Таким образом, Достоевскому не нужно описывать наружность действующих лиц: особенностями языка, звуками голоса сами они изображают не только свои мысли и чувства, но и свои лица, и свои тела. У Л. Толстого движения, выражения внешнего телесного облика, передавая внутренние состояния души, часто делают глубокими и многозначительными самые ничтожные речи героев, даже нечленораздельные звуки и молчания: от телесного Л. Толстой идет к душевному, от внешнего — к внутреннему. Не меньшей ясности облика телесного достигает обратным путем Достоевский: от внутреннего идет он к внешнему, от душевного — к телесному, от сознательного, человеческого — к стихийно-животному. У Л. Толстого мы слышим, потому что видим; у Достоевского мы видим, потому что слышим.
Не одно мастерство диалога, но и другие особенности творчества приближают Достоевского к строю великого трагического искусства. Иногда кажется, что оттого только не писал он трагедий, что внешняя форма эпического повествования — романа — была случайно преобладающею формою современной ему литературы, и также оттого, что не было для него достойной трагической сцены, а главное, достойных зрителей, ибо всякая трагедия создается лишь соединенными творческими силами художника и зрителей: надо, чтобы в сердце народа была способность к трагическому, чтобы трагедия действительно родилась.
Невольно и естественно подчиняется Достоевский тому непреложному закону сцены, который так необдуманно, под влиянием Шекспира, отвергла новая драма, тем самым в корне подрывая свое трагическое действие, и который дает такую, все еще единственную, ни с чем в современной поэзии не сравнимую силу созданиям греческого театра — так называемому закону «трех единств» — времени, места и действия.
В произведениях Л. Толстого всегда, рано или поздно, наступает для читателя минута, когда он окончательно забывает о главном действии романа, о судьбе главных действующих лиц. Как умирает князь Андрей или Николай Ростов травит зайца, как рожает Кити или косит Левин — для нас так важно и любопытно, что мы теряем из виду Наполеона и Александра I, Анну и Вронского.

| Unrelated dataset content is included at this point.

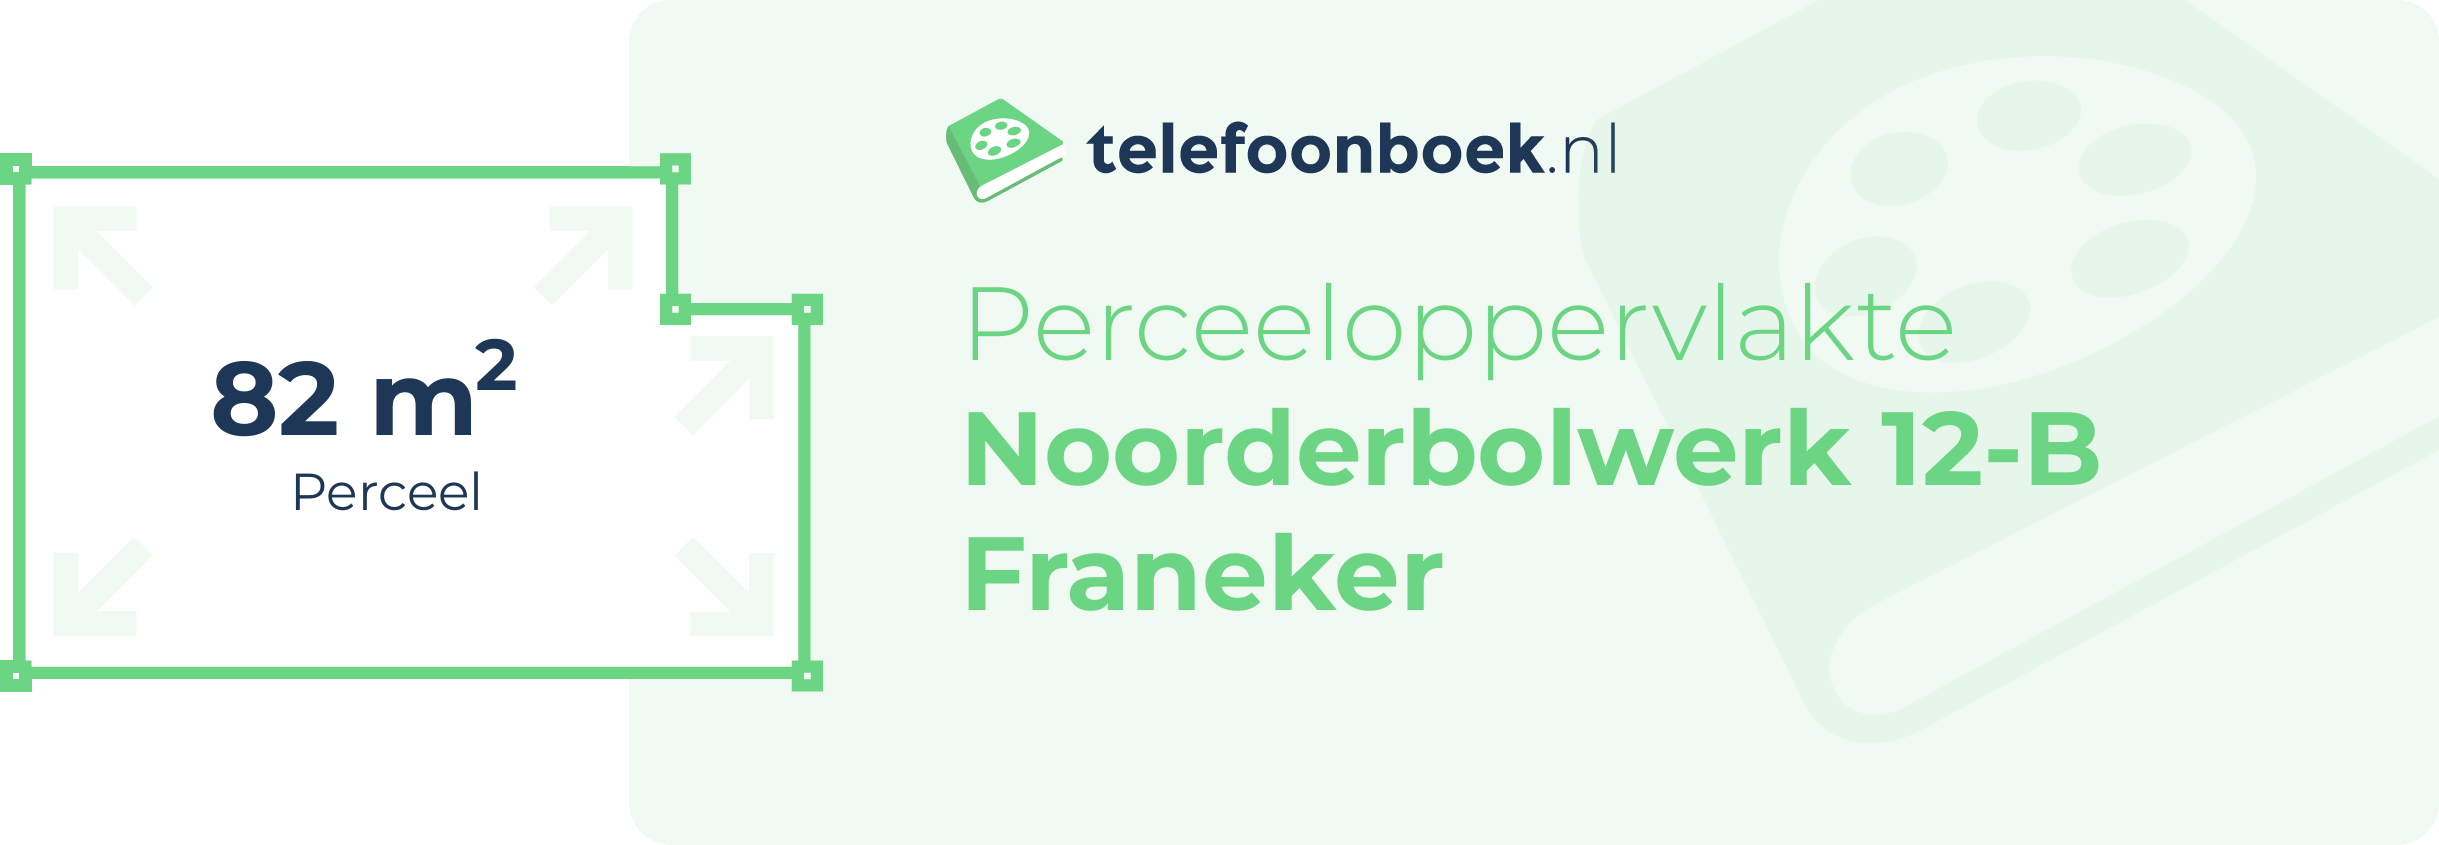 Perceeloppervlakte Noorderbolwerk 12-B Franeker

Нам даже любопытнее, важнее в эту минуту, затравит ли зайца Николай Ростов, чем — проиграет ли Наполеон Бородинское сражение. Во всяком случае, мы не испытываем нетерпения, не торопимся узнать дальнейшую судьбу героев; мы готовы ждать и развлекаться, сколько автору угодно. Мы не видим берегов и не думаем о цели плавания. В сущности, здесь, как и во всяком истинном эпосе, нет вовсе важного и неважного. Все безразлично важное, одинаково главное. В каждой капле — тот же соленый вкус, тот же химический состав воды, как во всем океане. Каждый атом жизни движется по тем же законам, как целые миры и созвездия.
Раскольников убивает старуху, чтобы доказать себе самому, что он уже «по ту сторону добра и зла», что он — не «дрожащая тварь», а «властелин». Но Раскольников, по замыслу Достоевского, должен понять, что ошибся, убил не «принцип», а только старуху, не «переступил», а только хотел переступить. И когда он это поймет, — должен ослабеть, испугаться, выйти на площадь и, став на колени, исповедываться перед толпою. И вот именно к этой крайней точке, к одному этому последнему мгновенью, в действии романа все направляется, собирается, стягивается, для этого последнего удара все суживается, заостряется, оттачивается, как лезвие шпаги, к этому трагическому «падению» — катастрофе — все стремится, как течение реки, стесненное скалами, стремится к тому последнему обрыву, с которого низвергнется она водопадом.
Тут не может быть, не должно быть и, действительно, нет ничего побочного, водного, задерживающего, отвлекающего внимание от главного действия. События следуют одно за другим, все быстрее и быстрее, все неудержимее, гонят одно другое, теснятся, как будто нагромождаются — на самом же деле, в строгом и стройном порядке, в подчинении главной единственной цели, сосредотачиваются в возможно большем количестве в возможно меньшее время. Ежели и есть у Достоевского соперники, то не в современной, а разве в древней литературе — творец Орестейи и творец Эдипа — по этому искусству постепенного напряжения, накопления, усиления и ужасающего сосредоточения трагического действия.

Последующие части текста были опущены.